Configurable Privacy Policy: Users can define \(\Psi\) to select which elements to protect, enabling flexible adaptation to different regulatory requirements.

Limitations & Future Work¶

Schema linking quality depends on the local SLM; complex schemas may result in missed elements.
Evaluation is limited to 300 complex queries from the BIRD benchmark, which is a relatively small scale.
The adversary model is weak (considering only re-identification) and does not account for side-channel attacks.

vs.
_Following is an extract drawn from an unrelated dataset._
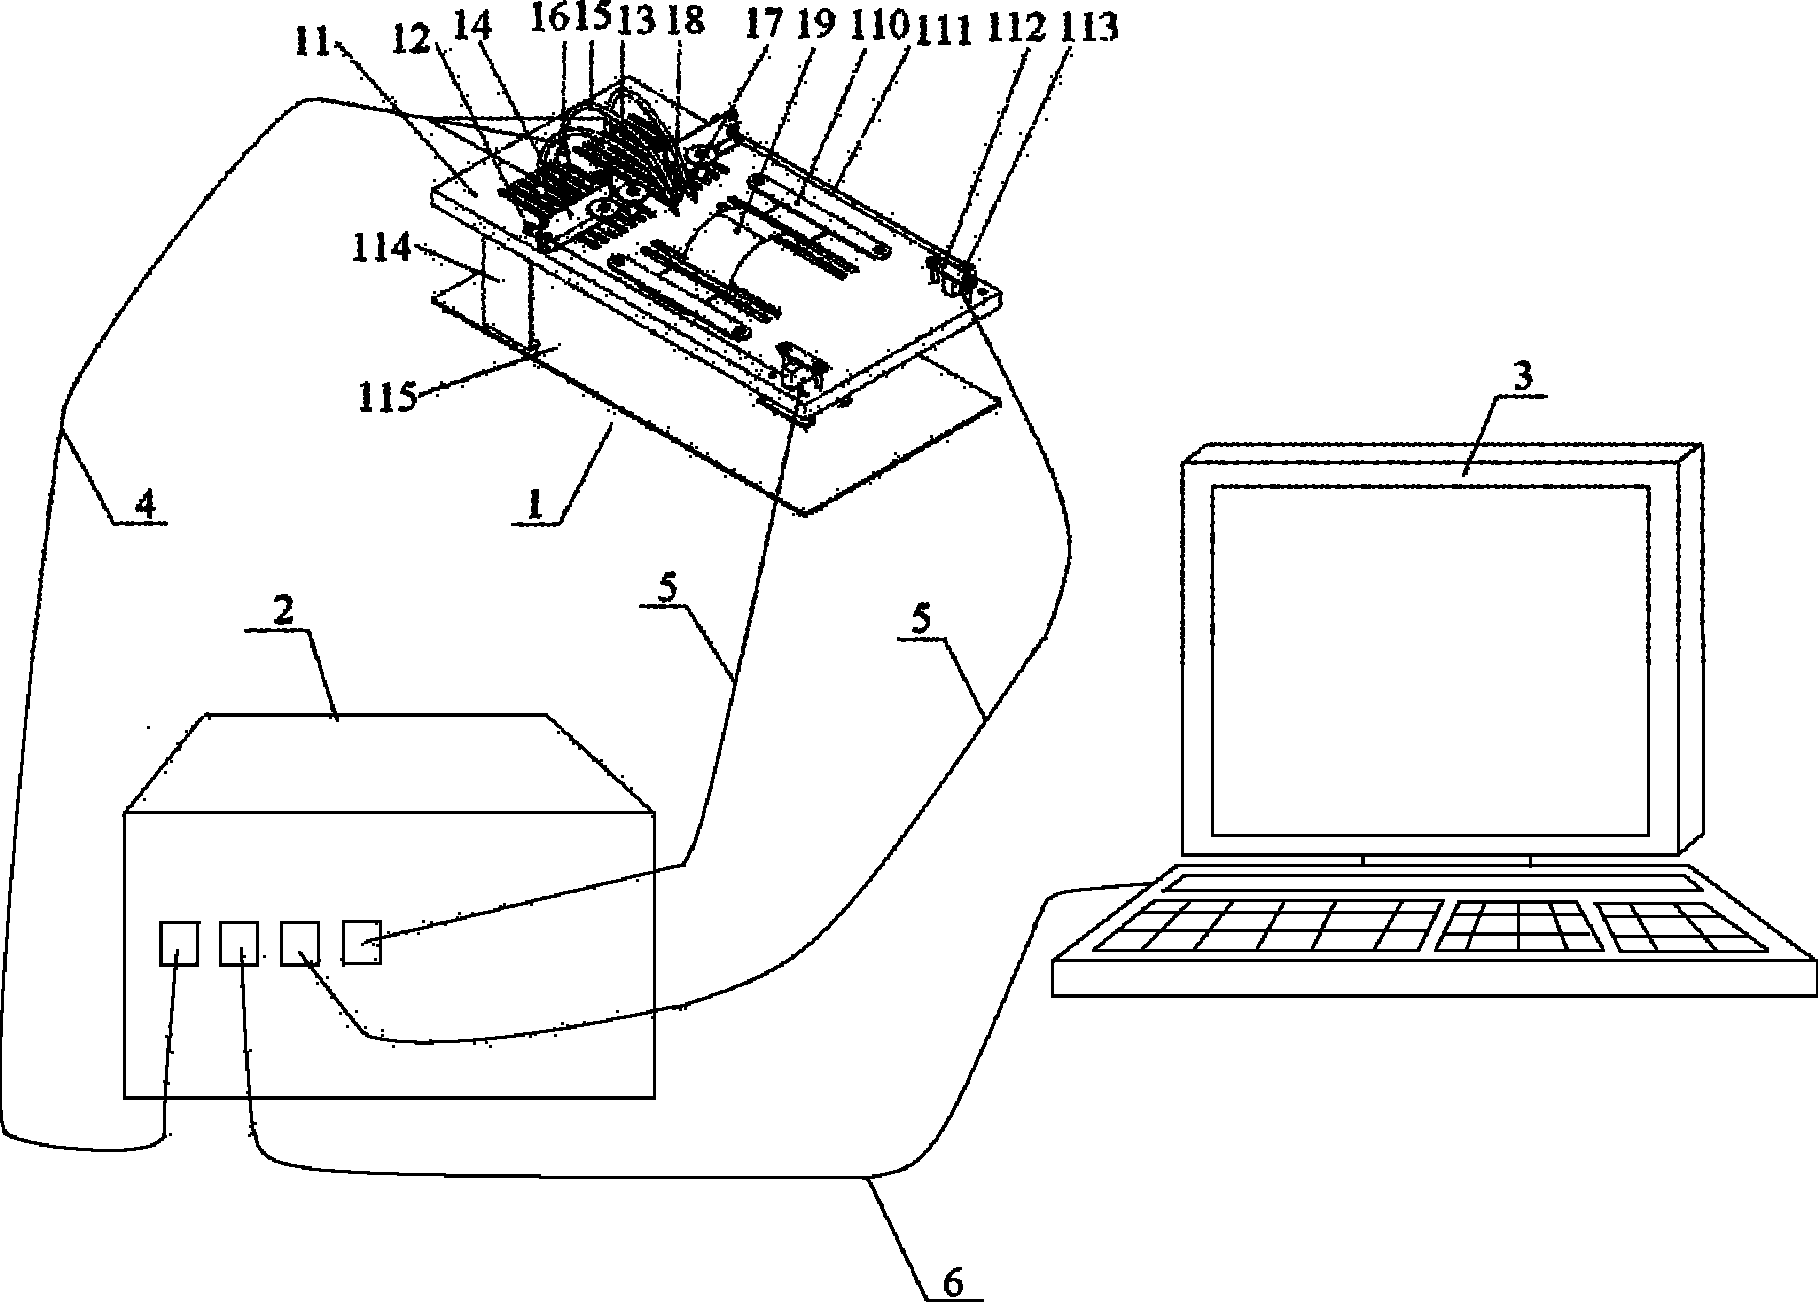 System for determining functions of lower limb nerves and muscles of rat

Portcullis: Portcullis applies general-purpose NER-based sanitization and does not preserve SQL schema alignment.
vs. DIN-SQL: DIN-SQL exposes the full schema; MaskSQL achieves comparable performance while protecting privacy.

Rating¶

Novelty: ⭐⭐⭐⭐ — The prompt abstraction approach is clear and practically motivated.
Experimental Thoroughness: ⭐⭐⭐⭐ — Dual evaluation of both privacy and utility metrics.
Writing Quality: ⭐⭐⭐⭐⭐ — Precise problem formulation and well-structured pipeline description.
Value: ⭐⭐⭐⭐⭐ — Addresses a core privacy challenge in real-world LLM deployment.